A Protean Attack on the Compute-storage Gap in High-performance Computing

Open Access
Author:
Wilson, Ellis H
Graduate Program:
Computer Science and Engineering
Degree:
Doctor of Philosophy
Document Type:
Dissertation
Date of Defense:
May 29, 2014
Committee Members:
  • Mahmut Taylan Kandemir, Dissertation Advisor
  • Mahmut Taylan Kandemir, Committee Chair
  • Padma Raghavan, Committee Member
  • Wang Chien Lee, Committee Member
  • Christopher J Duffy, Committee Member
Keywords:
  • Distributed Storage
  • High-Performance Computing
  • Hadoop
  • Filesystems
  • Compression
  • Deduplication
  • NAND Flash
  • Solid State Disks
Abstract:
Distributed computing, in particular supercomputers, have facilitated a significant acceleration in scientific progress over the last three-quarters of a century by enabling scientists to ask questions that previously held intractable answers. Looking at historical data over the last 20 years for the top supercomputers in the world, we note that they have demonstrated an amazing doubling in performance every 13.5 months, well in excess of Moore's law. Moreover, as these machines grow in computational power, the magnetic hard disk drives (HDDs) they rely upon to store data to and retrieve data from double in capacity roughly every 18 months. These facts considered in concert provide a foundation for the recent data-driven revolution in the way both scientists and businesses extract useful knowledge from their increasing datasets.
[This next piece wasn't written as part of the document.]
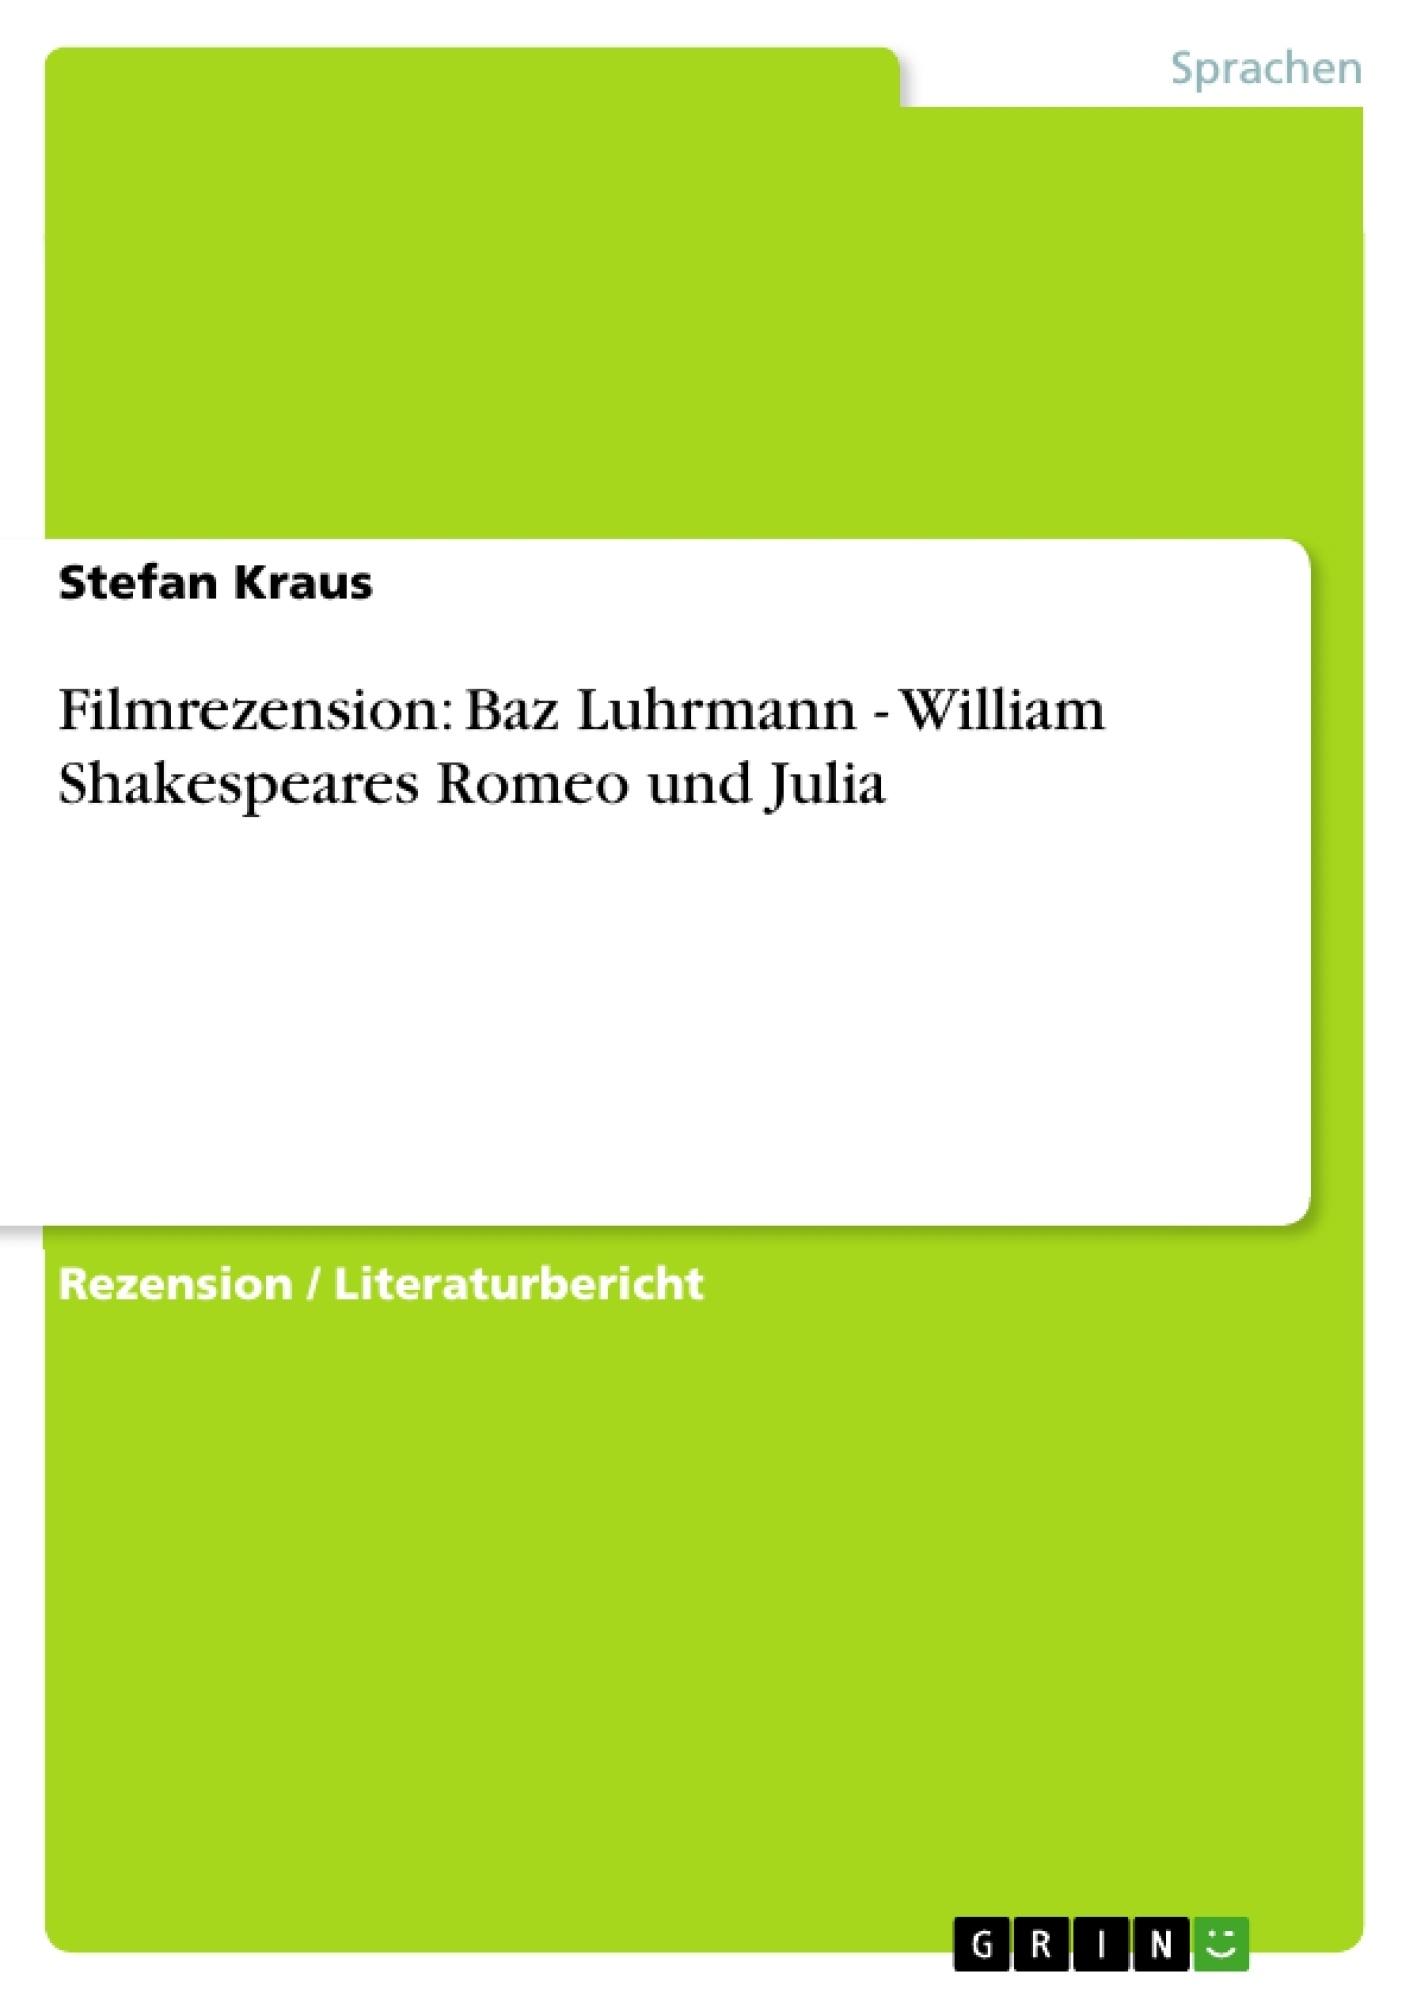 Titel: Filmrezension: Baz Luhrmann - William Shakespeares Romeo und Julia

However, while computation and capacity potential for these machines is growing at a breathless rate, a disturbing but oft-ignored reality is that the ability to access the data on a given HDDs is shrinking by comparison, doubling only once every decade. In short, this means although the capability to process and store the data scientists and businesses are so excited about is here, the ability to access that data (a prerequisite for processing it) falls behind year in and year out. Therefore, the focus in this thesis is to find ways to limit or close the annually widening compute-to-bandwidth gap, specifically for systems at scale such as supercomputers and the cloud. Recognizing that this problem requires improvement at numerous levels in the storage stack, we take a protean approach to seeking and implementing solutions. Specifically, we attack this problem by researching ways to 1) consolidate our storage devices to maximize aggregate bandwidth while enabling best-of-breed analytic approaches, 2) determine optimal data-reduction techniques such as deduplication and compression in the face of a sea of data and a lack of existing analysis tools, and 3) designing novel algorithms to overcome longevity shortcomings in state-of-the-art alternatives to magnetic storage such as flash-based solid-state disks (SSDs).